So, in the end, if I had to describe my feelings about this entire event in one word, it would have to be “fire-giddy”.

And I’m very glad that the insurance company and Justice Ministry don’t know this.

Fifty-nine

My birthday was almost two weeks ago, but keeping with the procrastination subtext of this blog, I am just getting to the subject now. Each year I do a little birthday post in which I take stock of the state of my life. This year was a doozy.

I began almost three years ago to prepare for my impending retirement – originally slated for September 2021. I wanted to make sure that I didn’t fall into a confused funk, unable to enjoy filling out each day with whatever projects struck my fancy at that particular moment. I didn’t think I would do well with structureless time or the end of gaining new insights and stories through work. I started a mental list of retirement projects – new things to try out or tackle once I finally had the time for them.

It turns out all that worry was unnecessary. The list of “new experiences” I’ve had in just the past three months is already long. I was on an operating table for the first time and was “put under”. I got my first incision and scar. I spent my first night in a hospital. I had to use a diaper for the first time since potty training and smoked pot for the first time since high school. I had my daughter cut my hair off – the shortest it has ever been. I dialled the Austrian version of 911 for the first time in my life and then used a fire extinguisher to put out a wall of flames in my upstairs bathroom. I sat in an ambulance while they checked me for smoke inhalation. I had my first therapy session with a psychologist. I realized suddenly that I am already retired, and so far, it has not been at all what I expected.
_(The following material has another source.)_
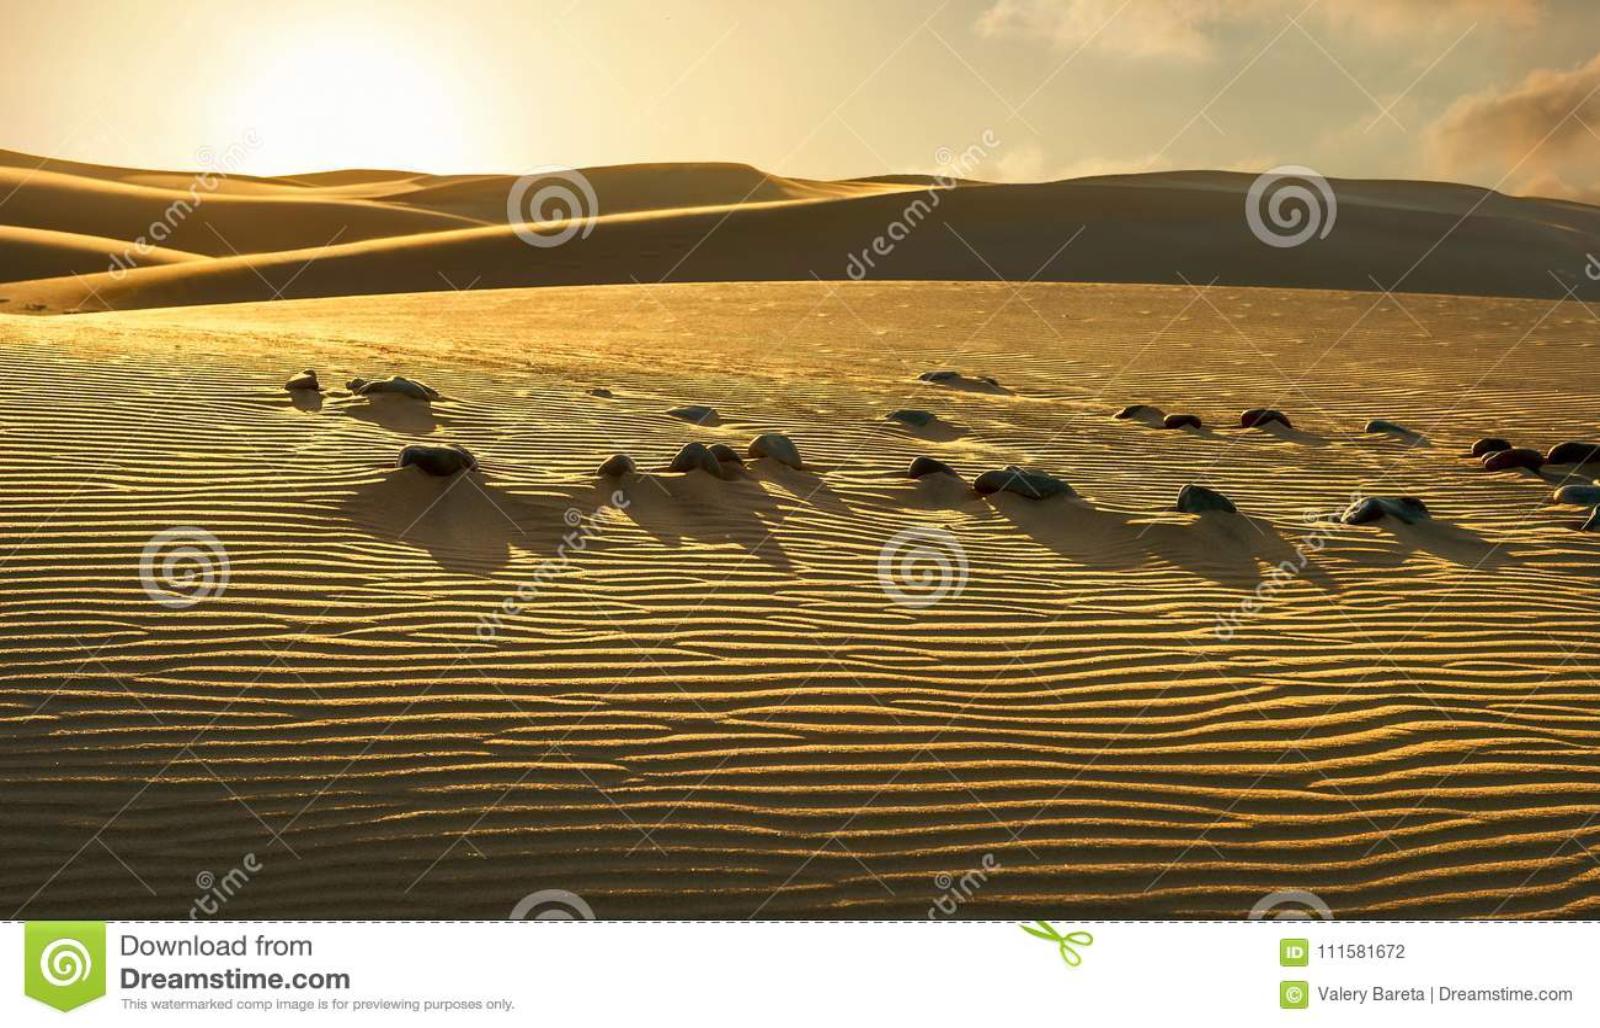 Nationaal park van Maspalomas-zandduinen Gran Canaria, Kanarie isl

Before you all start envying me, let me add that I also had two Christmases this year. With so many people worried about me, with all the packages and flowers showing up at the door, with all the cards and letters and messages and calls and wishes and presents, I got overwhelmed by it all. I experienced a new insight that I am surrounded and blessed by so many friends and family members who made an extra point of expressing their love and concern this year. I felt the warm wave of their support buoying me through these hard times. It keeps me going. It makes me wonder, not with trepidation, but with hopefulness and determination, what I will be writing in next year’s birthday post titled “Sixty”.

 

The Ghost of Christmas Present

I am late in sending out my customary blogworld Christmas greetings this year due to an unexpected family emergency. Gingerbread Man (of “My Velveteen Rabbit” fame) had to go to the hospital.

One week beforehand a problem had been discovered and all thoughts of work or Christmas preparations or Covid lockdowns dissipated. The focus turned entirely to health issues.

Last Wednesday, Gingerbread Man arrived at the clinic and was admitted. A whirlwind ensued. Two procedures were done on Thursday and Friday, the doped-up recovery began on Saturday. On Sunday, he was already allowed to go home – with a list of medications and a little less stuffing.  He’s a bit blurry about the whole experience but remembers A LOT of needles and that the food there really sucked.

The early release was lucky, because it gave us all enough time to do any neglected preparations and pull off – somewhat contrary to earlier expectations – a wonderful Christmas Eve.

I’m happy to be able to tell you that Gingerbread Man is feeling a little better each day. He spends a lot of his time now in the new recliner with his new electric blanket. Here he is,  staring at the Christmas tree lights, basking in nice memories and hopeful feelings for the future.

Damals war ich vierzehn

 

When I was 14, it was the year 1976. The year of the American Bicentennial. A celebration of 200 years of freedom and democracy. In commemoration, I baked a cake and decorated it with an approximation of the original American flag. (Please don’t count the number of stars or stripes. I wasn’t a perfectionist back then.) The only reason I still know this is because there is a picture in my childhood photo album. I stare at it now and feel that it represents the peak of my patriotism, not to mention my baking skills.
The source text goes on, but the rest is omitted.